I also live in N Texas. I've had hay custom mowed for me as low as $10 per acre by a neighbor with his tractor & cutter that was retired & just wanted to get out of the house. I've also paid as high as $30 per acre if hay was above average in thickness. I agree with Josh that those hidden obstacles can randomly raise their ugly heads.


----------



## av8tr72 (Oct 11, 2021)

I wasn’t looking to do it full time. I was just wondering if people had large acres of land to hay they hire out some people to help mow it down to go faster. 
Make a little money with my tractor. 

Might not have been the best idea. 


Sent from my iPhone using Tapatalk


----------



## RockmartGA (Jun 29, 2011)

You could put your name out there and see who bites.
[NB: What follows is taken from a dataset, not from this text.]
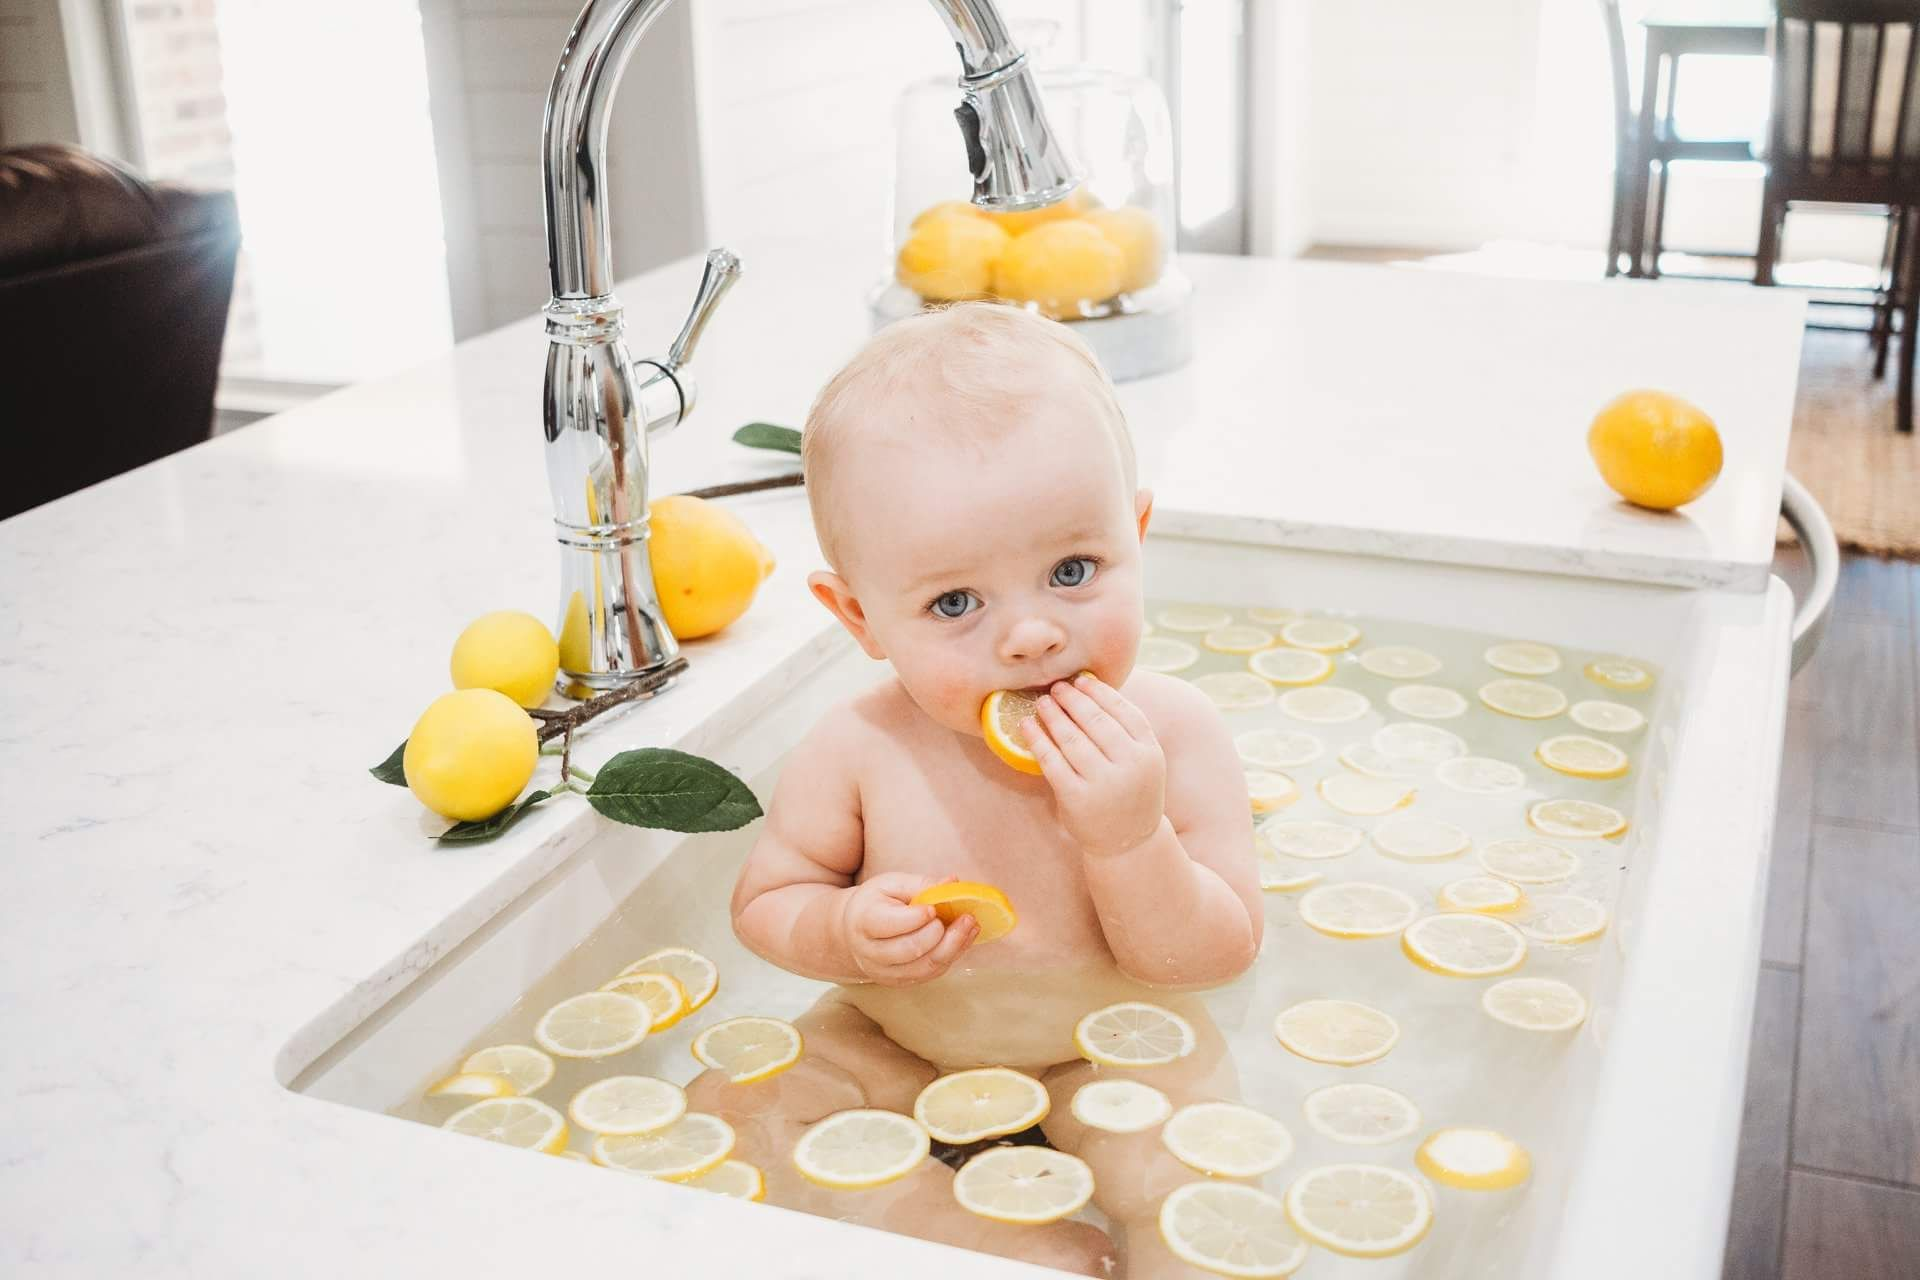 Baby birthday fruit bath photoshoot | Fruit Bath Ideas | Pinterest ...

Maybe do a couple of fields and decide if it is worth your time.


----------



## the farmer 3 (Jul 12, 2021)

there is a retired farmer here that advertises to do bush hogging and rototilling .

I talked to him this summer as he was trimming the rough edges on a field that I cut for neighbors.
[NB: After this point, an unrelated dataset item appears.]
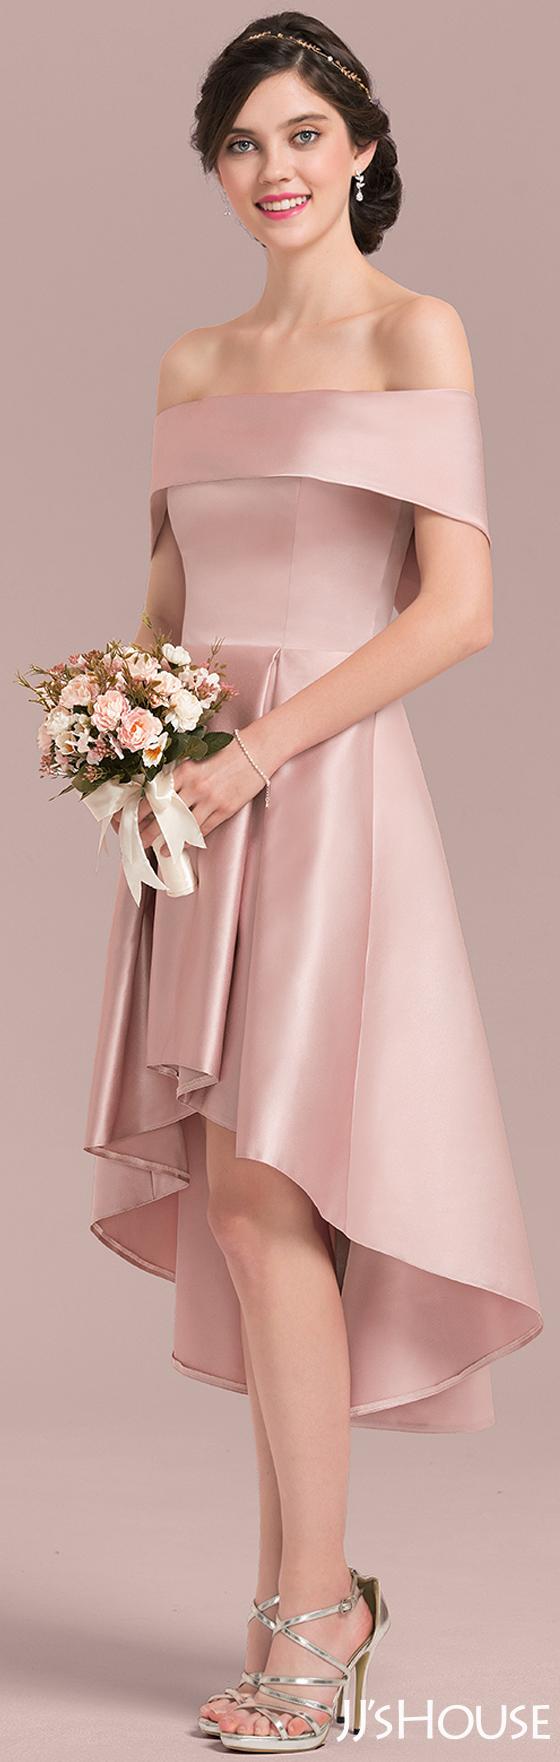 Moderno Pinterest Vestidos De Dama Componente - Colección de ...

he said he gets 85$ an hour and has lots of work


----------



## av8tr72 (Oct 11, 2021)

the farmer 3 said:


> there is a retired farmer here that advertises to do bush hogging and rototilling .
> 
> I talked to him this summer as he was trimming the rough edges on a field that I cut for neighbors.
> 
> he said he gets 85$ an hour and has lots of work


Interesting. Thanks for the info. 
Guess I’ll have to fish around. Didn’t want to sink a lot of money into equipment to just sit around and look pretty. I have a shredder. That’s about it as far as mowers. 


Sent from my iPhone using Tapatalk


----------



## Sterling6.7 (Jul 11, 2017)

If mowing is how you want to spend your time, I would buy a small rotary or flail to make your money off of. Then use the HUGE (not really) pile of cash you earn to buy the disc mower you want. You can brush hog all year round and have the time you need to do your own hay.


----------



## SwingOak (May 19, 2014)

I get more contract work tedding than anything else. Dairy farmers around here usually chop their hay or make wrapped round bales, so it's not worth it for them to have their own tedder. But when they want to make dry large squares they call me to ted.


----------



## the farmer 3 (Jul 12, 2021)

I was visiting another farmer friend of mine and I noticed he had a brand new 3pt rototiller.

he said he did 3 jobs putting in food plots for deer hunters and paid for the tiller .


----------



## av8tr72 (Oct 11, 2021)

Perhaps that’s the better route. I have a shredder, start there. Might be more opportunities for that than cutting hay. When I make that pile of money, . I can invest in something for hay if that opportunity arises. 


Sent from my iPhone using Tapatalk


----------



## Hawkins2015 (7 mo ago)

My $0.02, if someone is wanting hay mowed, they are also looking for someone to ted/rake/bale it too. And would prefer to get the same person.

The only way I could see that operation working is if you could get in with someone who already has an operation going and wants to make mowing go faster, which you've already stated. 

Could work, just need to find the person.


----------



## av8tr72 (Oct 11, 2021)

Hawkins2015 said:


> My $0.02, if someone is wanting hay mowed, they are also looking for someone to ted/rake/bale it too. And would prefer to get the same person.
> 
> The only way I could see that operation working is if you could get in with someone who already has an operation going and wants to make mowing go faster, which you've already stated.
> 
> Could work, just need to find the person.


Yeah. That’s what I was wondering about. People cutting larger acres looking for help getting it cut faster. Guess it’s not too common. 


Sent from my iPhone using Tapatalk


----------



## calico190xt (9 mo ago)

My son did pretty well custom round baling only for a few years. Lots of guys can buy a mower and a rake, but the round baler is a much bigger expense. You do need a bigger tractor for most round balers. 

You might consider that as a first step but I would talk to some potential customers about the reality. Possible that people in your neck of the woods do all of it themselves or need the mowing and the raking done as well.


----------